I could only download the Excel file you sent as text so couldn't test. Only thing I can think of is the criteria and data gradient colours might have been added in different order. So try below with change in bold:

Function CountCcolor(range_data As Range, criteria As Range)
Dim datax As Range
If criteria.Interior.Pattern = xlSolid Then
Dim xcolor As Long
xcolor = criteria.Interior.ColorIndex
For Each datax In range_data
If datax.Interior.ColorIndex = xcolor Then CountCcolor = CountCcolor + 1
Next
Else
Dim xcol(2), ycol(2) As Long
Dim n As Integer
n = 0
For Each cs In criteria.Interior.Gradient.ColorStops
n = n + 1
xcol(n) = cs.Color
Next
For Each datax In range_data
If datax.Interior.Pattern = 4000 Then
n = 0
For Each cs In datax.Interior.Gradient.ColorStops
n = n + 1
ycol(n) = cs.Color
Next
If (ycol(1) = xcol(1) and ycol(2) = xcol(2)) or (ycol(1) = xcol(2) and ycol(2) = xcol(1)) Then CountCcolor = CountCcolor + 1
End If
Next
End If
End Function

Heedtheadvice

Have done a bit of debugging for you.


Although the code might be better written more explicitly commented, without any errors caused by calling (there really is no error handling in the code) then there was only one change for it to work for me so well done Wayward


see rem comment at changed line as follows:


Function CountCcolor(range_data As Range, criteria As Range)
Dim datax As Range

If criteria.Interior.Pattern = xlSolid Then
Dim xcolor As Long
xcolor = criteria.Interior.ColorIndex

For Each datax In range_data
If datax.Interior.ColorIndex = xcolor Then CountCcolor = CountCcolor + 1
Next


Else
Dim xcol(2), ycol(2) As Long
Dim n As Integer
n = 0
For Each cs In criteria.Interior.Gradient.ColorStops
n = n + 1
xcol(n) = cs.Color
Next

For Each datax In range_data
If datax.Interior.Pattern = 4001 Then Rem test value changed to 4001 from 4000
n = 0

For Each cs In datax.Interior.Gradient.ColorStops
n = n + 1
ycol(n) = cs.Color
Next

If (ycol(1) = xcol(1) And ycol(2) = xcol(2)) Or (ycol(1) = xcol(2) And ycol(2) = xcol(1)) Then CountCcolor = CountCcolor + 1
End If
Next


End If

End Function


That works for me now (XL 2007)

Trust that will now work for you Dipso

WaywardDriver

Heedtheadvice wrote: »

Have done a bit of debugging for you.

Although the code might be better written more explicitly commented, without any errors caused by calling (there really is no error handling in the code) then there was only one change for it to work for me so well done Wayward

see rem comment at changed line as follows:

If datax.Interior.Pattern = 4001 Then Rem test value changed to 4001 from 4000

That works for me now (XL 2007)

Afraid commenting never one of my strengths - not a professional programmer.
But your change doesn't work for me (Excel 2016) which is why I tended not to use Excel when developing applications - what works in one version doesn't in another. Used VB.net and SQLserver instead.

WaywardDriver

Think have got to bottom of this:

If datax.Interior.Pattern = 4001 is correct for the OP's data where the colour gradient had Fill Effect - Shading Style - From Centre whereas my test data had the default option of Horizontal which gave .Interior.Pattern = 4000.
So nothing to do with Excel version. Moral is to test using actual data if possible. Thank you HeedTheAdvice.

Heedtheadvice

"Commenting" was just a passing comment! It just helps the reader to understand the code. No problem.
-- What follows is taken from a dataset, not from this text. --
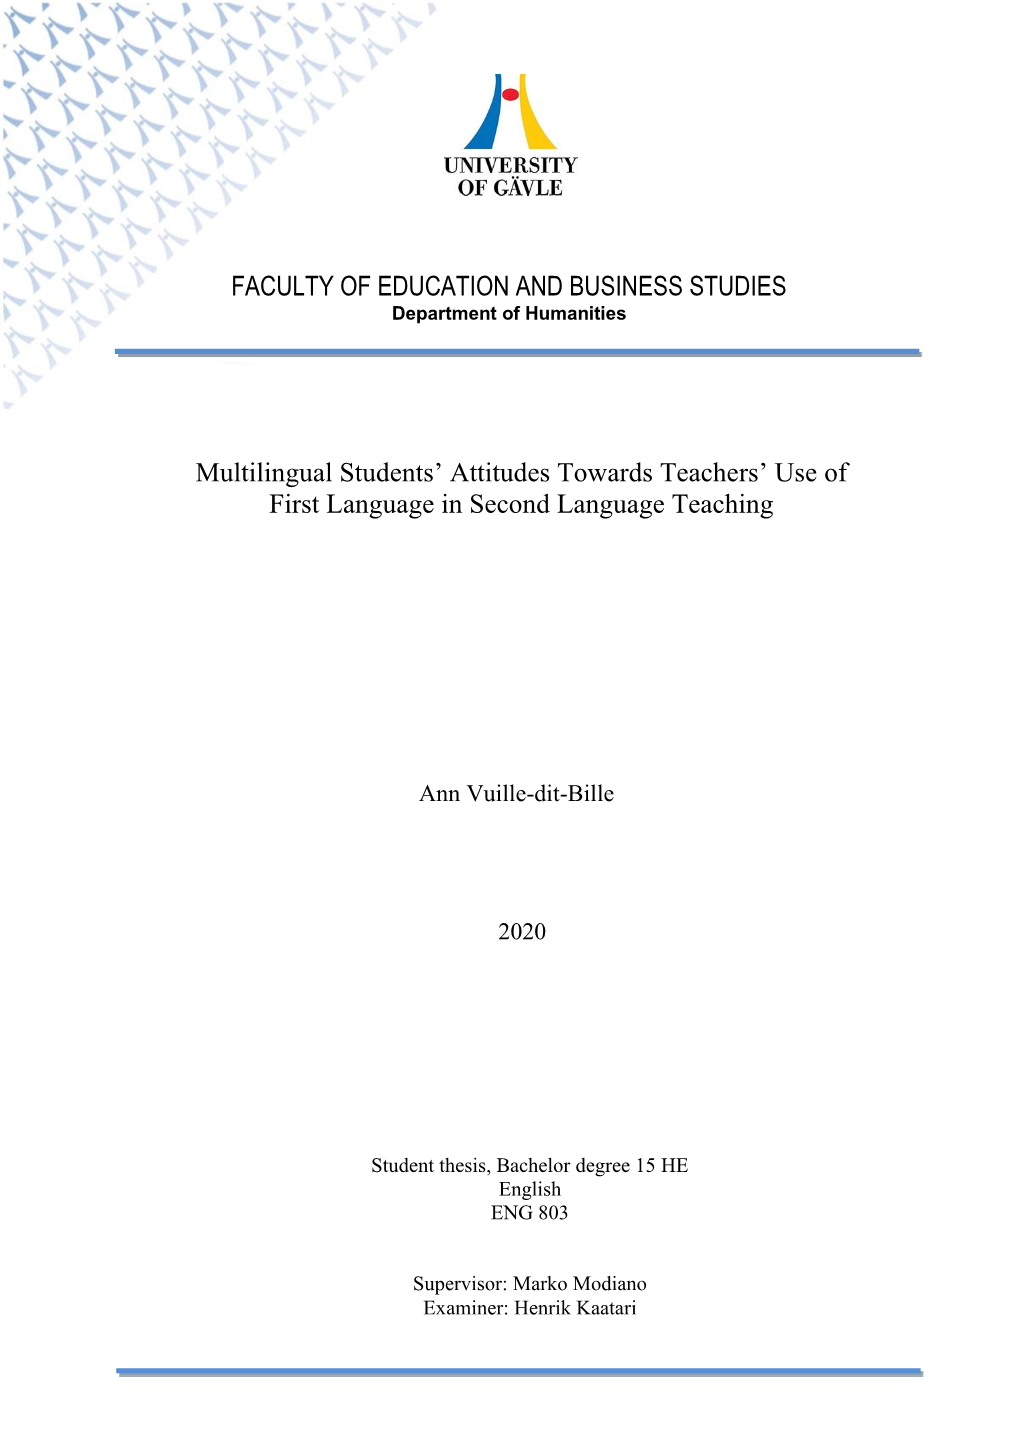 FACULTY of EDUCATION and BUSINESS STUDIES Multilingual Students' Attitudes Towards Teachers' Use of First Language in Second

I do find it a bit surprising that what works in 2007 does not work in 2016. Not impossible by any means but most changes I have come across are for new object model elements with legacy ones still supported.


I located the change I made by putting in a breakpoint at the first if statement; adding the function call to the cell that tests for the two colour to be tested;

and then stepping through called function code,
until at the " If datax.Interior.Pattern = 4000 Then " line
watching the value of the ' .pattern' property (hove over or add a watch) and that value in my workbook turned out to be 4001 rather than 4000.


Could it be we have selected slightly different patterns for the colour combination to test? Edit: As per your post Wayward!


If Dipso did the same break/step and watch then that would sort out which was correct on that posters sheet. Can you post the version being used, Dipso.


Further thought.....
Back a stage or two recording the macro for setting the colours I had the following result for that pattern
"Interior.Pattern = xlPatternRectangularGradient" and that built in constant value was 4001.



Perhaps it would be better to change the function code I have been referring to to be



" If datax.Interior.Pattern = xlPatternRectangularGradient Then "


(or whatever built in constant is returned during the recorded macro for the particular pattern that has been manually selected!)

Heedtheadvice

Ah! we just posted at the same time!

Great, now if Dipso is awake progress might be made!!